Морис. Ты ничего не понимаешь, с тобой невыносимо. По улицам уже бегут, все бегут туда, а папа нет. Я тоже сейчас побегу туда, может быть, он уже там. Какой день!
Франсуа. Кто бегут?
Морис. Ты ничего не понимаешь! (Кричит.) Они вошли в Бельгию!
Франсуа. Кто вошли в Бельгию?
Морис. Они же, пруссаки. Пойми же ты: война! Война! Ты только представь себе, что это будет. Пьеру надо идти, и я тоже пойду. Я ни за что не останусь!
Франсуа (выпрямляется, роняет ножницы). Война? Что ты городишь, мальчишка! Кто вошли в Бельгию?
Морис. Они же, пруссаки! Пьер теперь пойдет, и мне надо идти, я ни за что не останусь, понимаешь? И что будет теперь с Бельгией, трудно представить! Они вчера вошли в Бельгию, — ты понимаешь, какие это негодяи!
Вдали, на тесных уличках города, тревожный звук шагов и колес, постепенно быстро растущий. Отдельные голоса и вскрики смешиваются в сдержанный, но полный значительности, тревоги и угрозы, широкий гул. Набат то стихает устало, те повышает свой призыв почти до крика. Тщетно старается услышать что-нибудь Франсуа; и снова сердито берется за ножницы.
Франсуа!
Франсуа (сурово). Глупости все это. Что ты говоришь, мальчишка! Войны нет, этого не может быть.
Морис. Сам ты глупый старик! Они вошли, понимаешь — уже, уже!
Франсуа. Это неправда.
Морис. Почему неправда?
Франсуа. Потому что этого не может быть. Газеты пишут глупости, и все с ума сошли. Глупцы, и больше ничего, сумасшедшие. Какие пруссаки? Мальчишка, ты не смеешь так шутить надо мной.
Морис. Да послушай же ты…
Франсуа. Пруссаки!.. Какие еще пруссаки? Я не знаю никаких пруссаков и не хочу их знать.
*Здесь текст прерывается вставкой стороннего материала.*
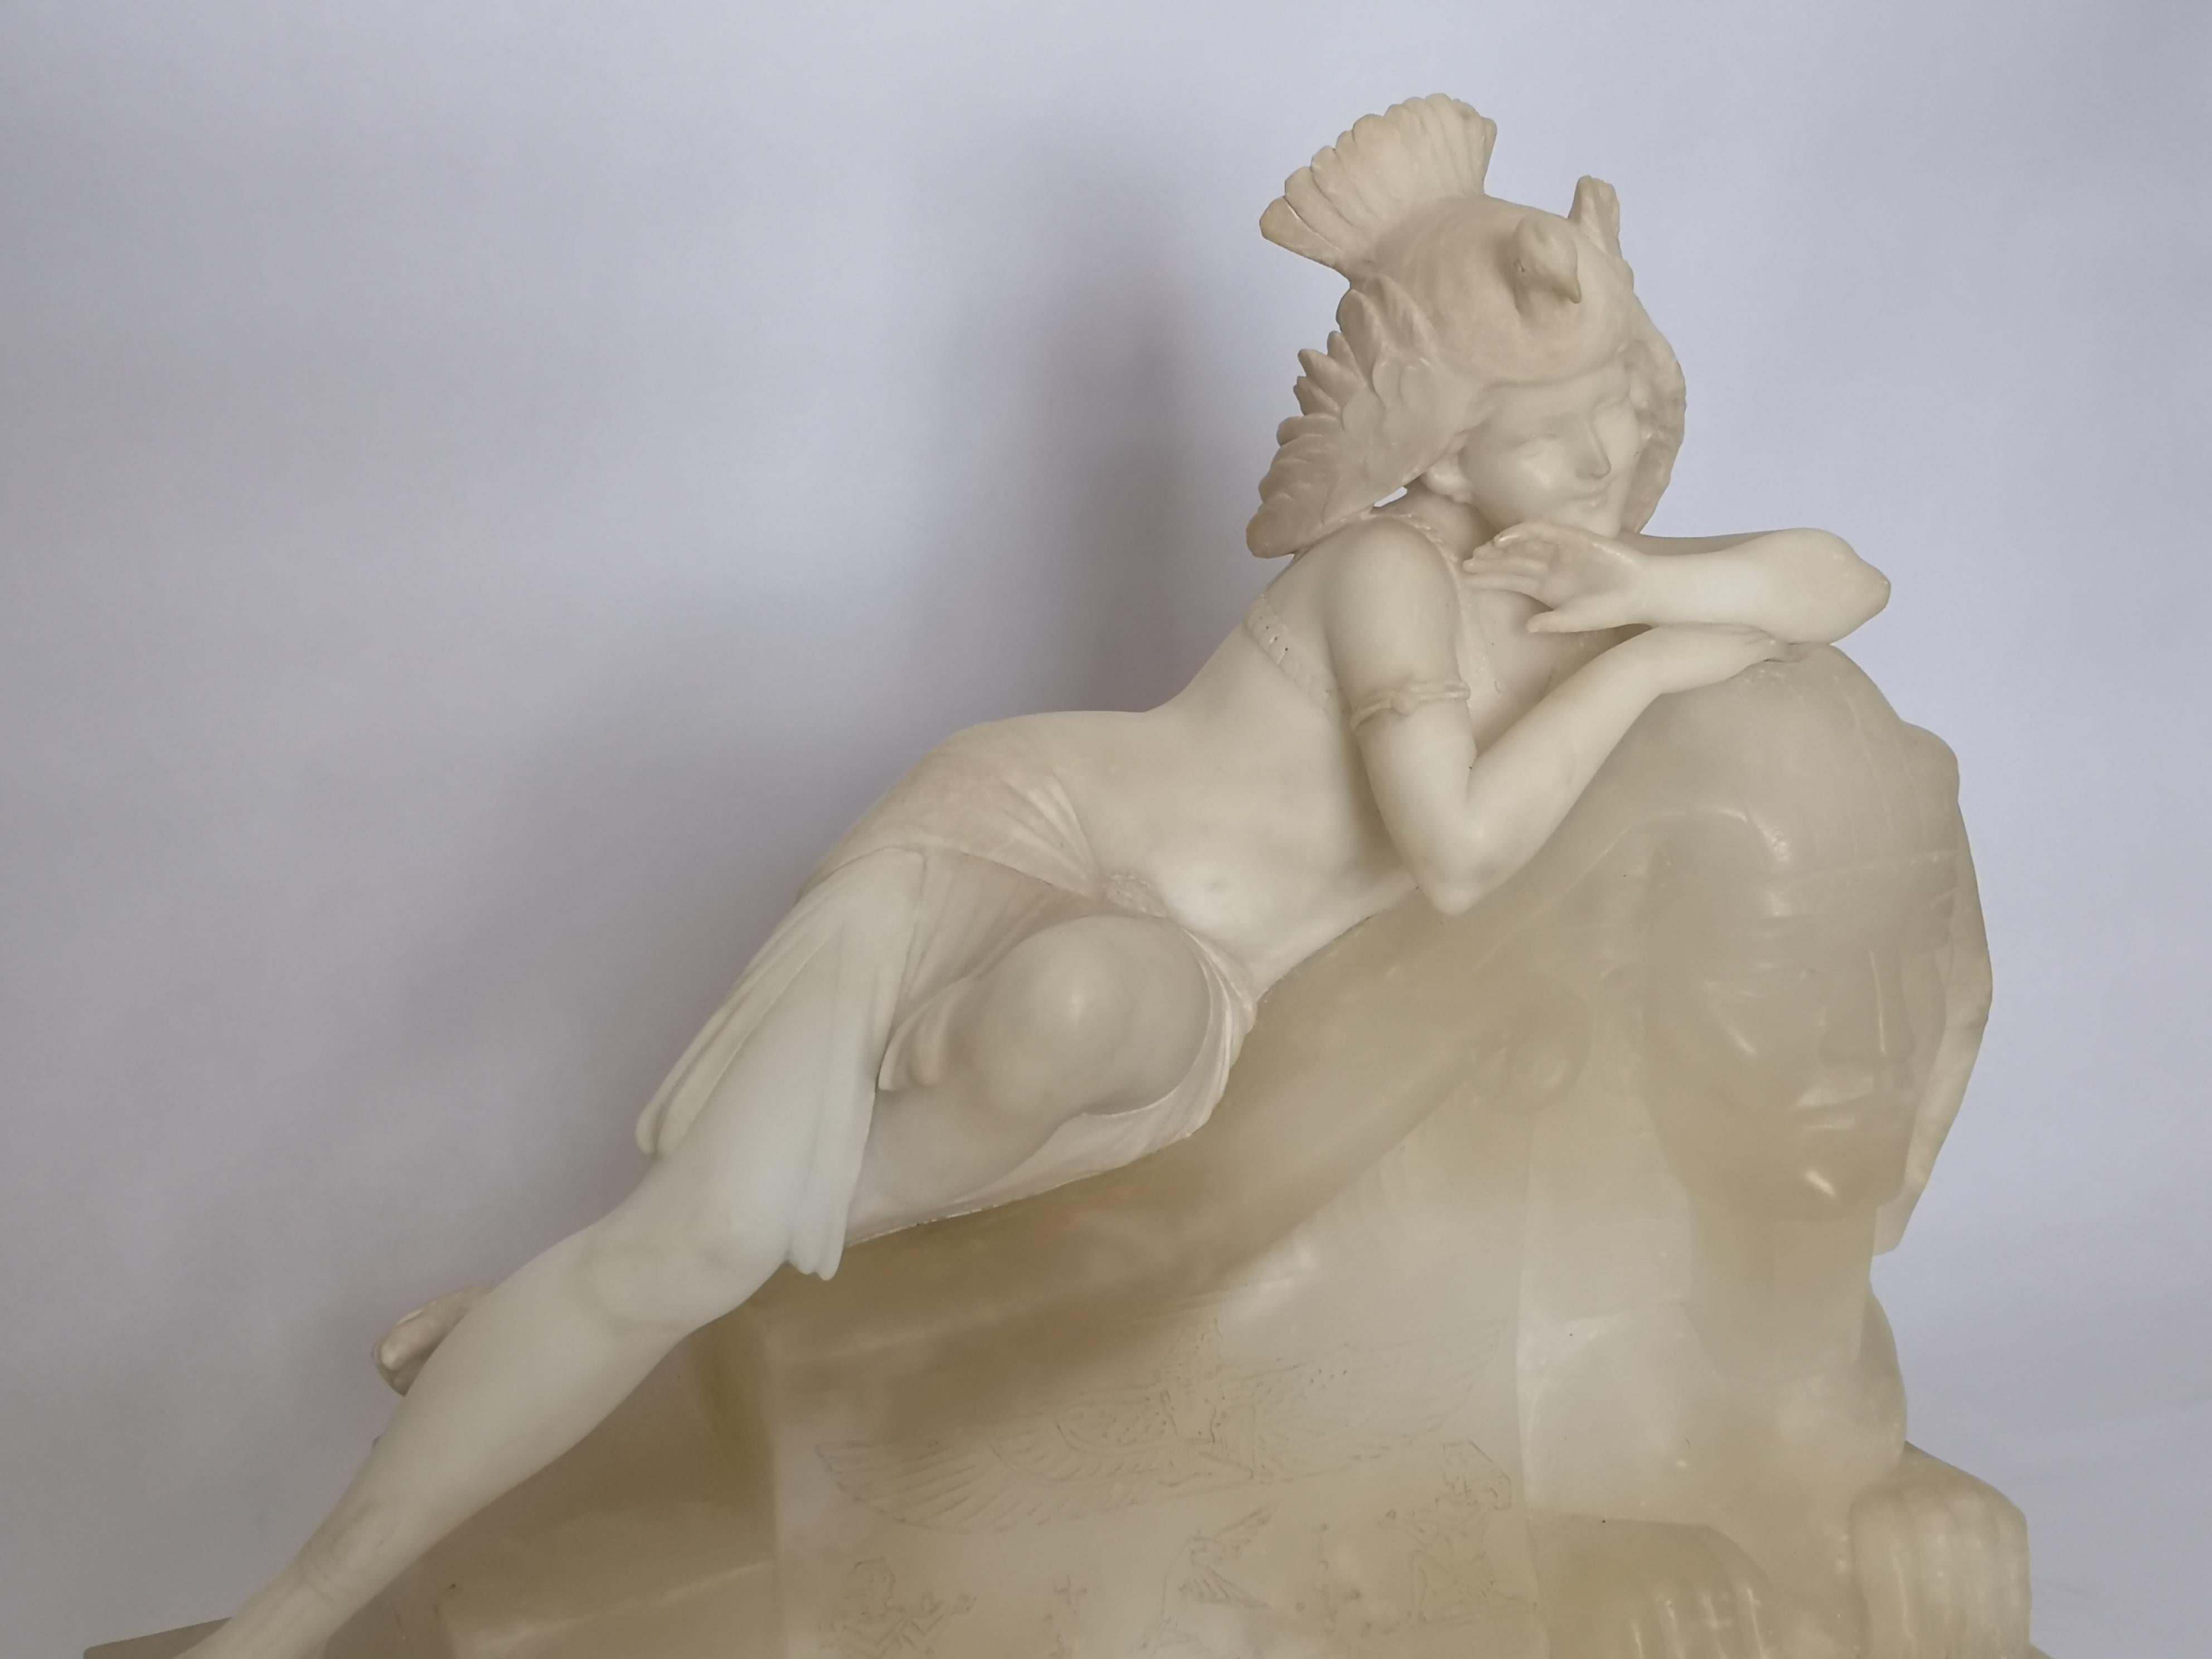 Alabaster 20th Century Art Deco Fantasy Sculpture / Lamp of a Lady on a Sphinx

Морис. Да пойми же ты, старик, что они стреляют уже в Льеже.
Франсуа. Нет!
Морис. Уже многих убили — ах, какой ты! Ты слышишь набат? Народ на площади, все бегут туда, плачут женщины. Что это?
Франсуа (сердито). Ты топчешь грядку, отойди!
Морис. Оставь меня!.. Отчего они так закричали? Там что-нибудь случилось!
Вдали военный рожок, крики толпы, минутами усиливающиеся почти до рева. Где-то в стороне неясные звуки бельгийского гимна, мотива почти не слышно; угадывается только ритм. Вдруг молчание, зловещее после крика, и одинокий звон колокола.
Теперь молчат… Что же это?
Франсуа. Глупости, глупости… (В ярости.) Ты опять топчешь грядку! Уходи! Все с ума сошли — ступай, ступай! Пруссаки!..
Морис. Это ты с ума сошел!
Франсуа. Мне семьдесят лет, а ты говоришь: пруссаки. Ступай!
Там снова крик толпы. От дома бежит горничная Сильвина, издали окликает: мосье Морис!
Сильвина. Пожалуйте домой. Мадам Жанна вас зовут, мадам уходит, идите! Морис. А папа? Сильвина. Его еще нет. Идите!
Оба идут. Франсуа сердито присаживается у грядки.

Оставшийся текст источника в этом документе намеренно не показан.